**Data below**
════════════════

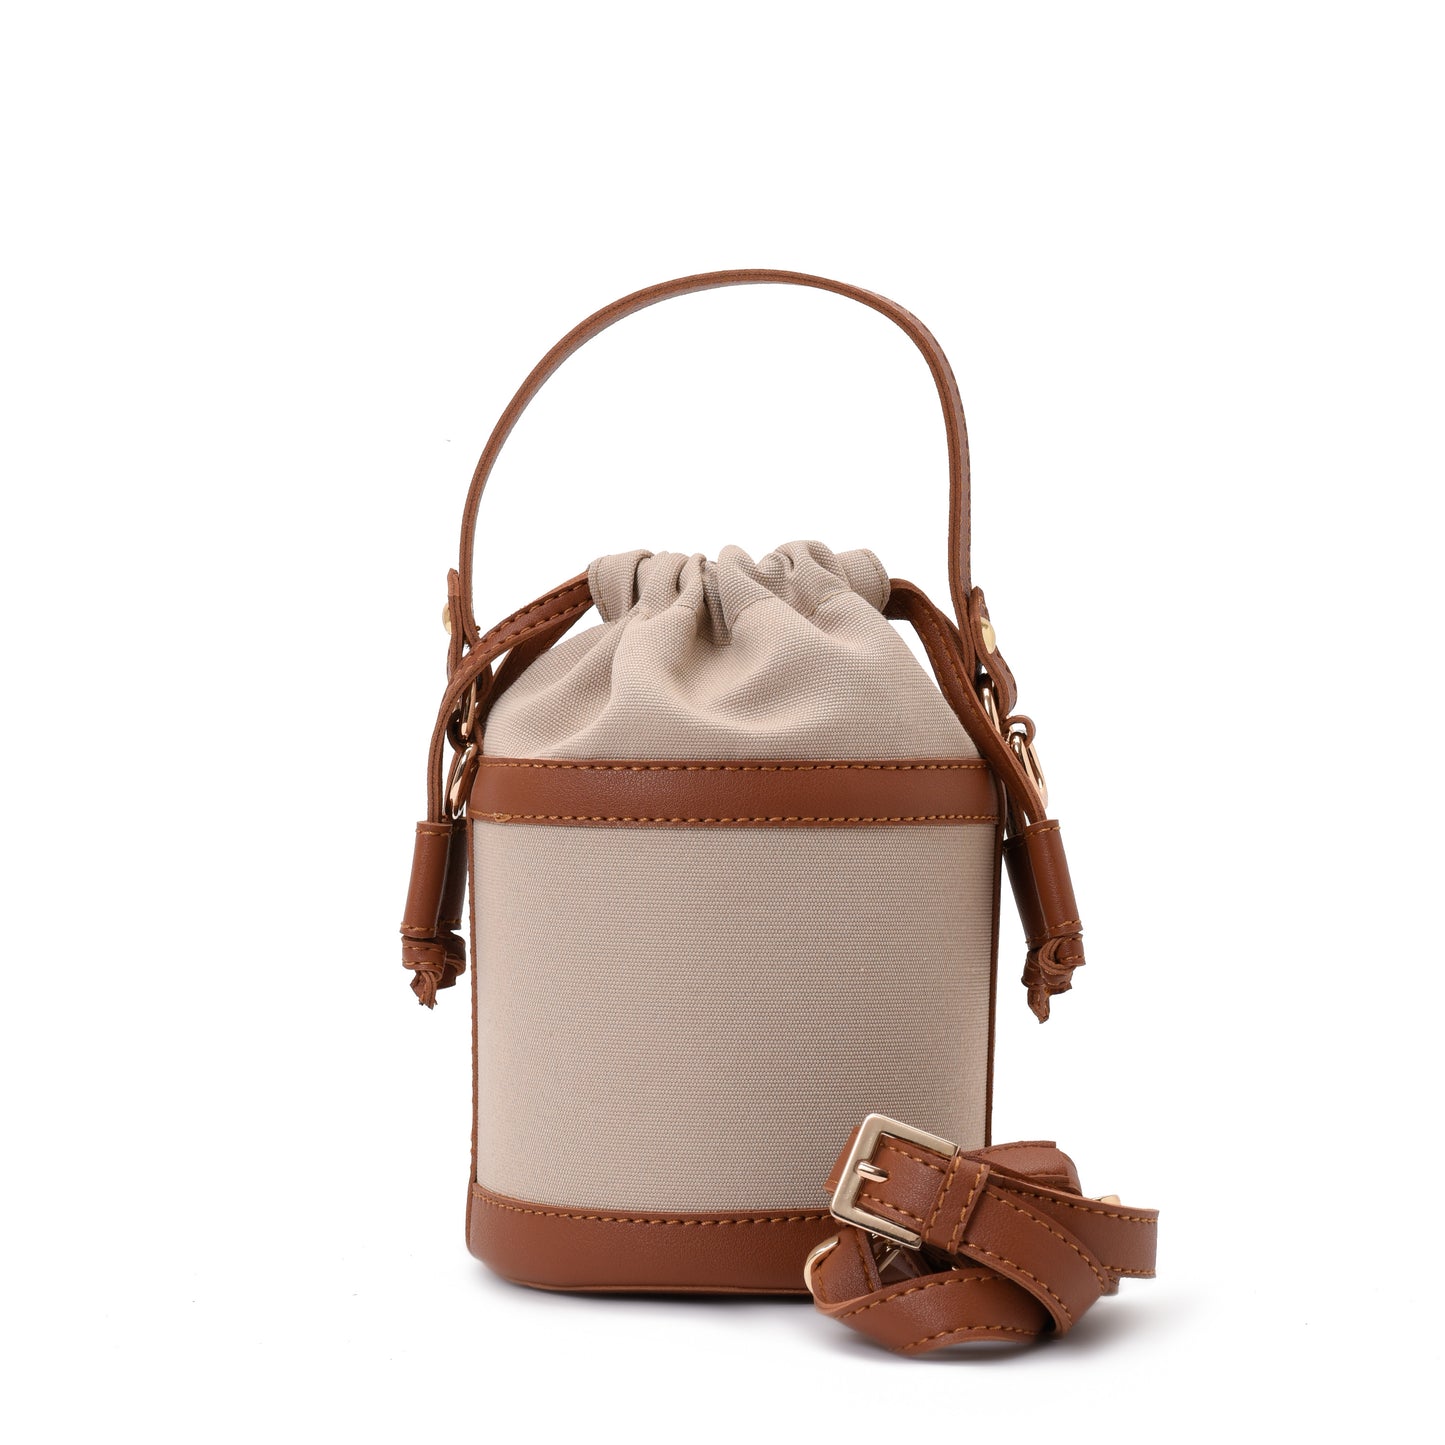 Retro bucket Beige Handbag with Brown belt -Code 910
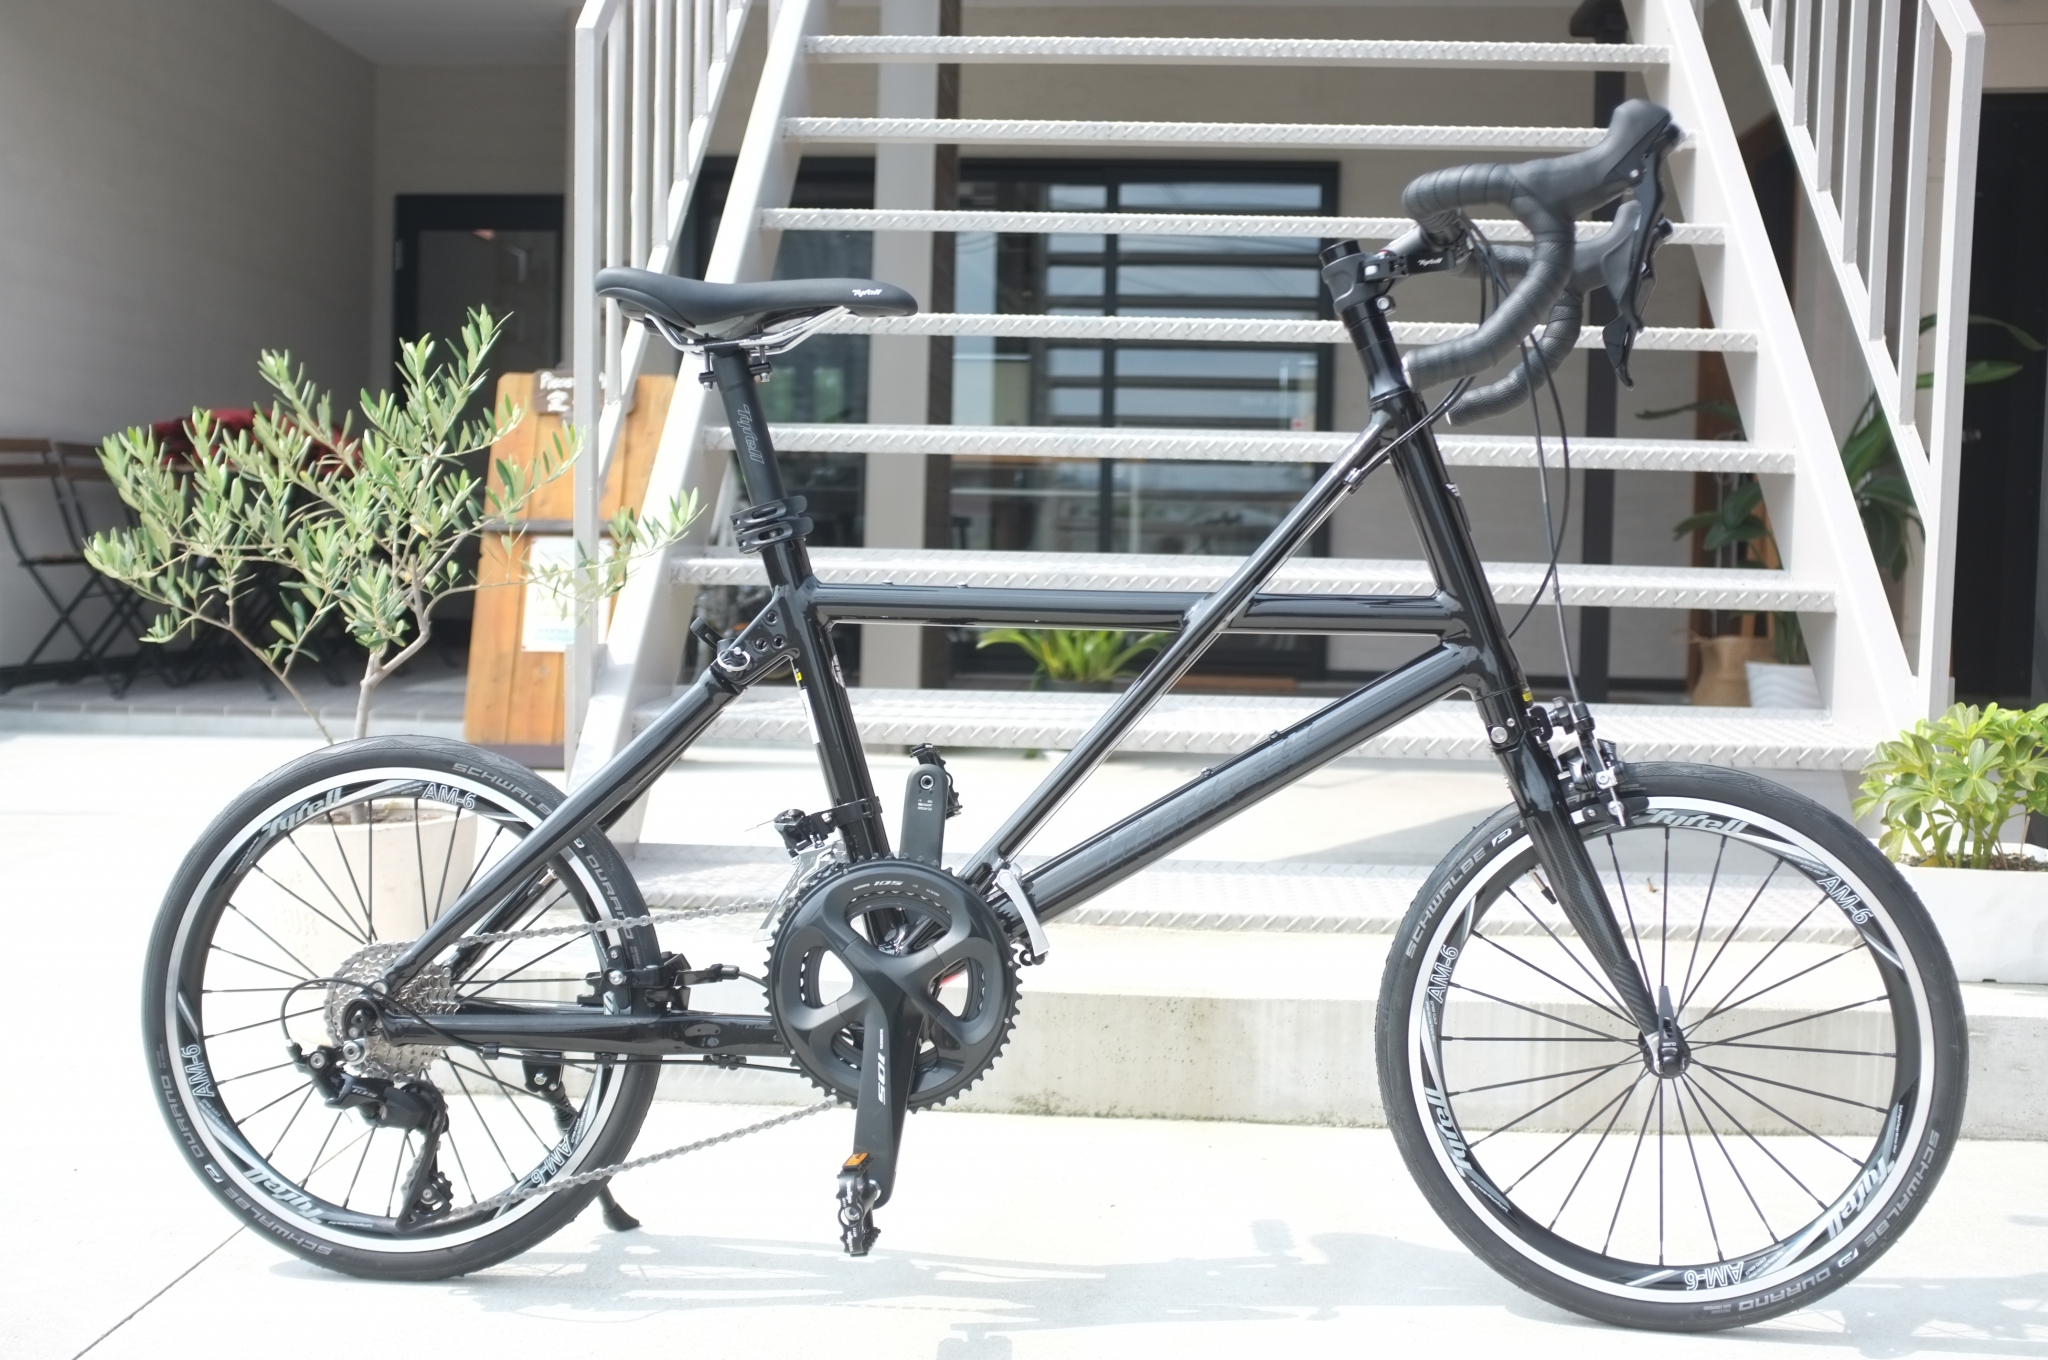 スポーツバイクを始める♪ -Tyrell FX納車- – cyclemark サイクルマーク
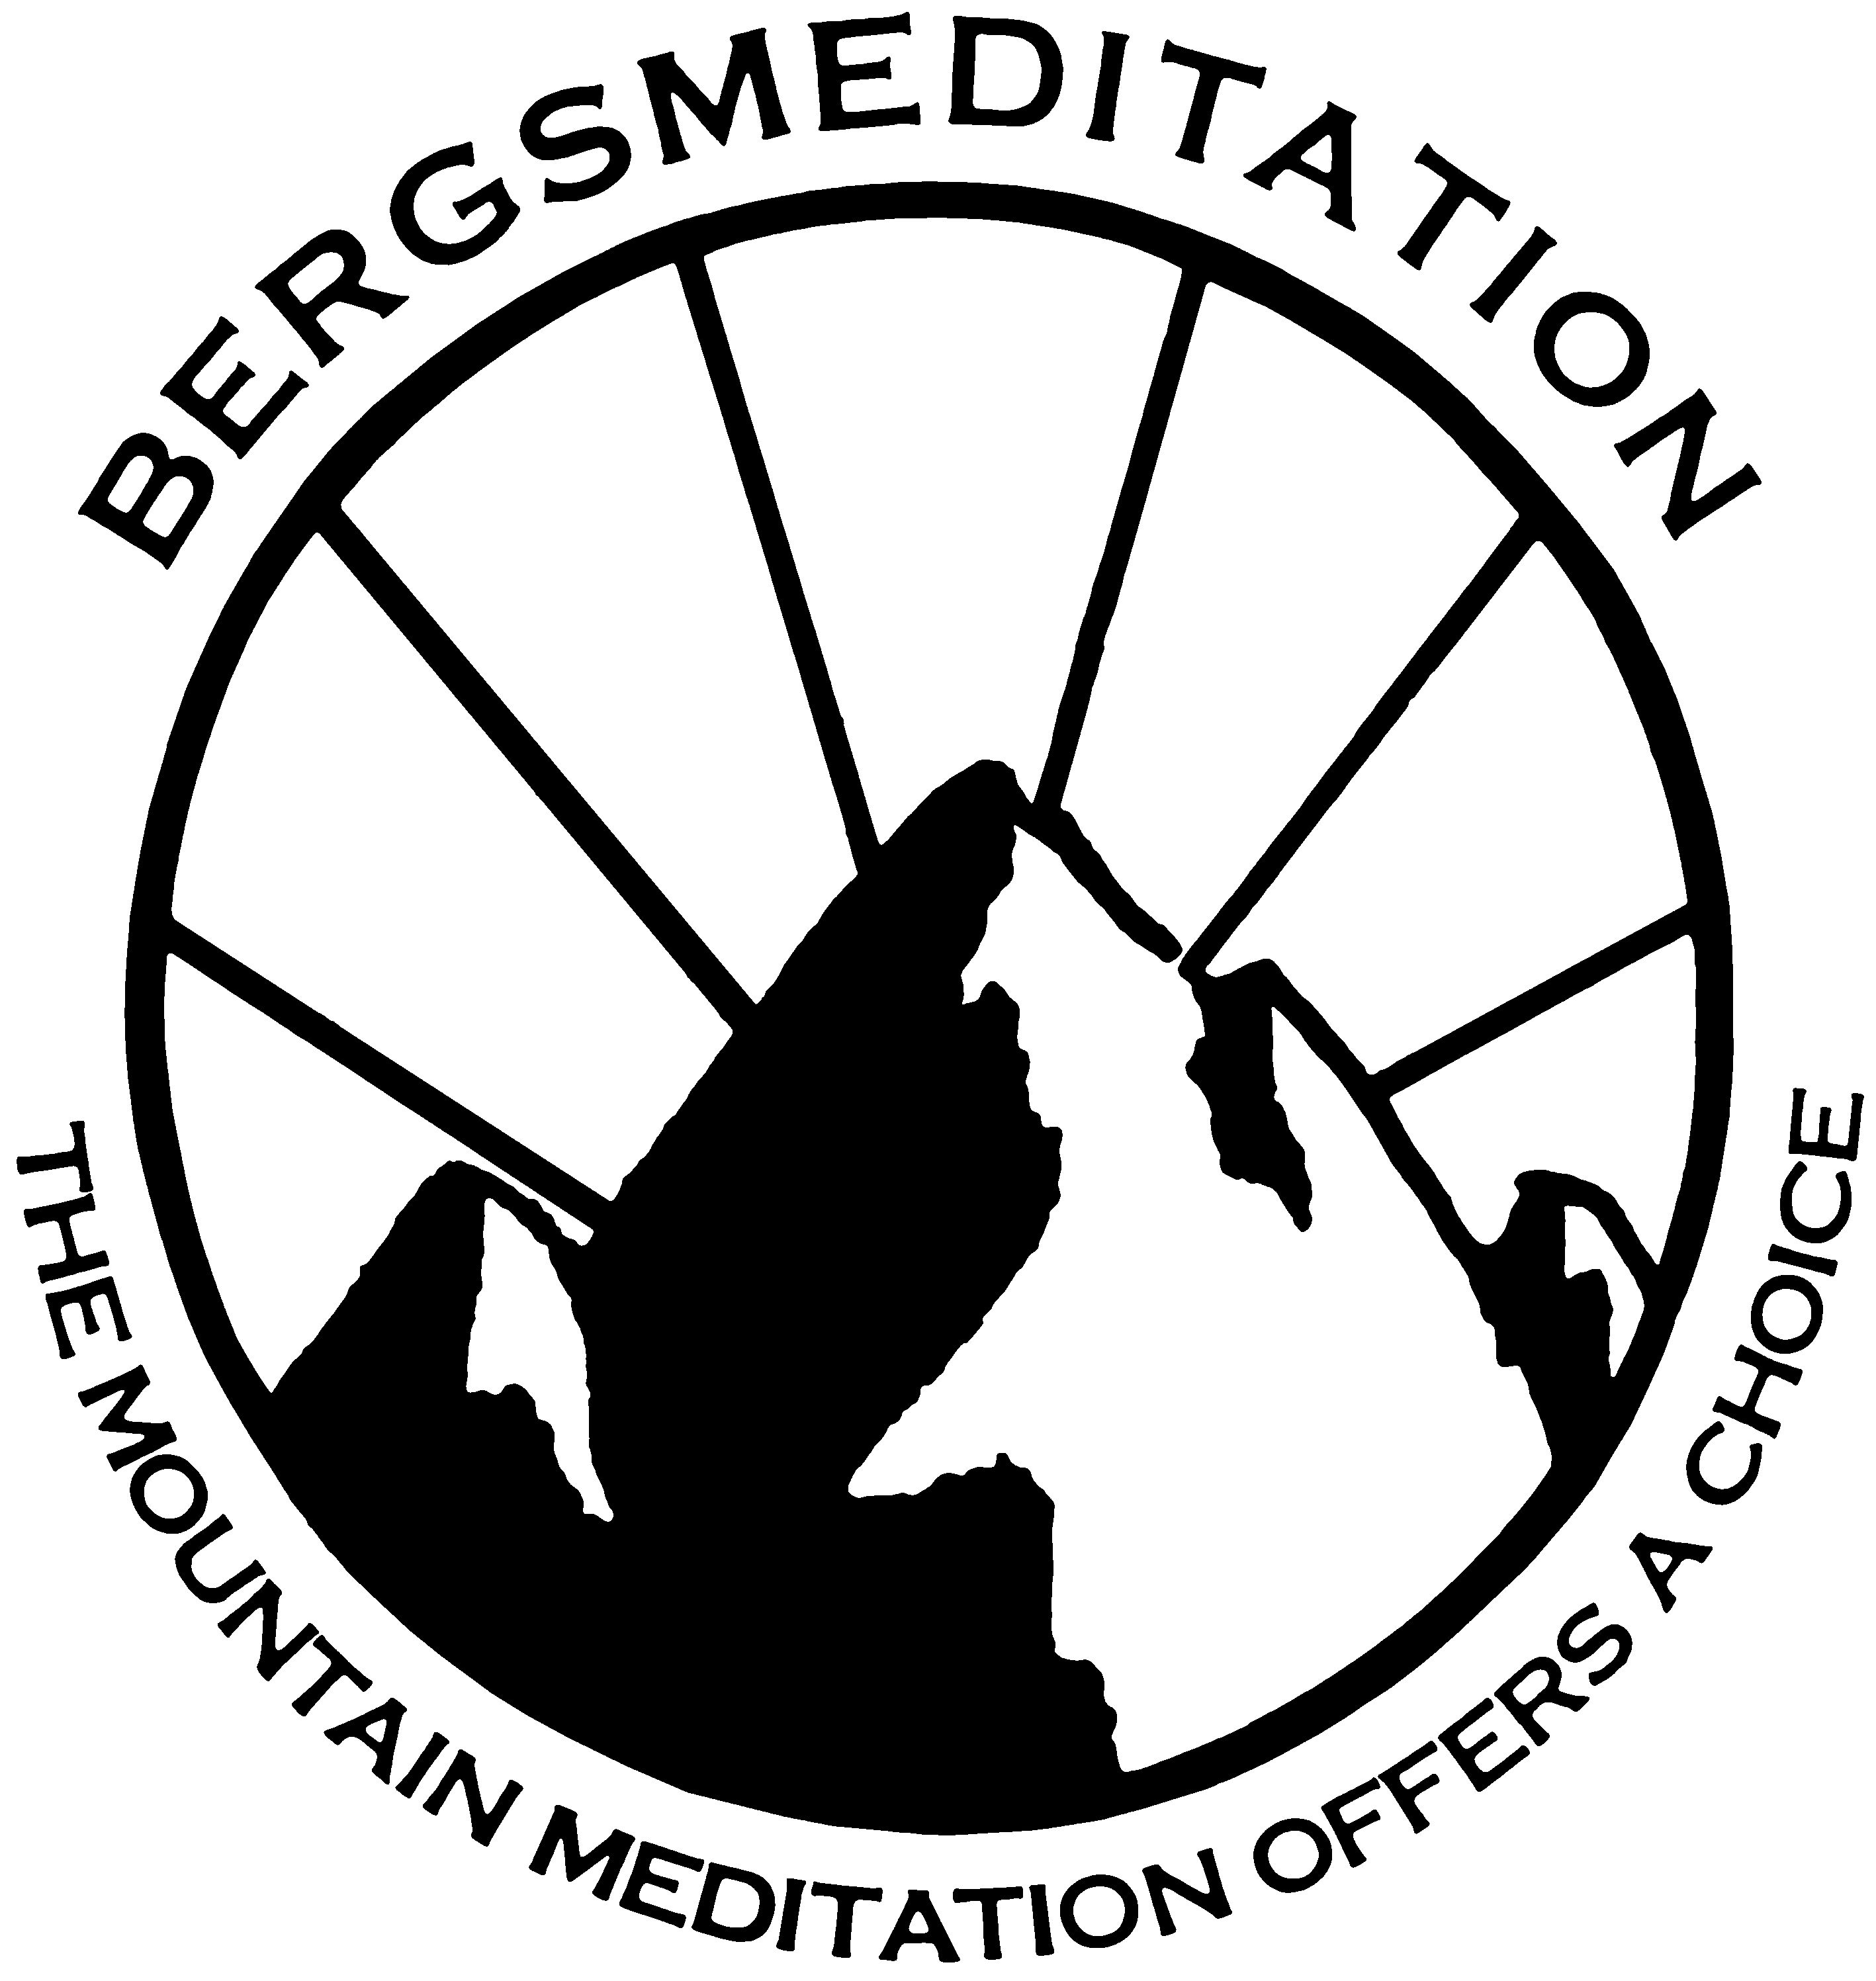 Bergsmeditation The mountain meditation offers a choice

════════════════

**Exercise instructions**
Give the listing again word for word. Skip every image.

**Response to the exercise**
 Retro bucket Beige Handbag with Brown belt -Code 910
 スポーツバイクを始める♪ -Tyrell FX納車- – cyclemark サイクルマーク
 Bergsmeditation The mountain meditation offers a choice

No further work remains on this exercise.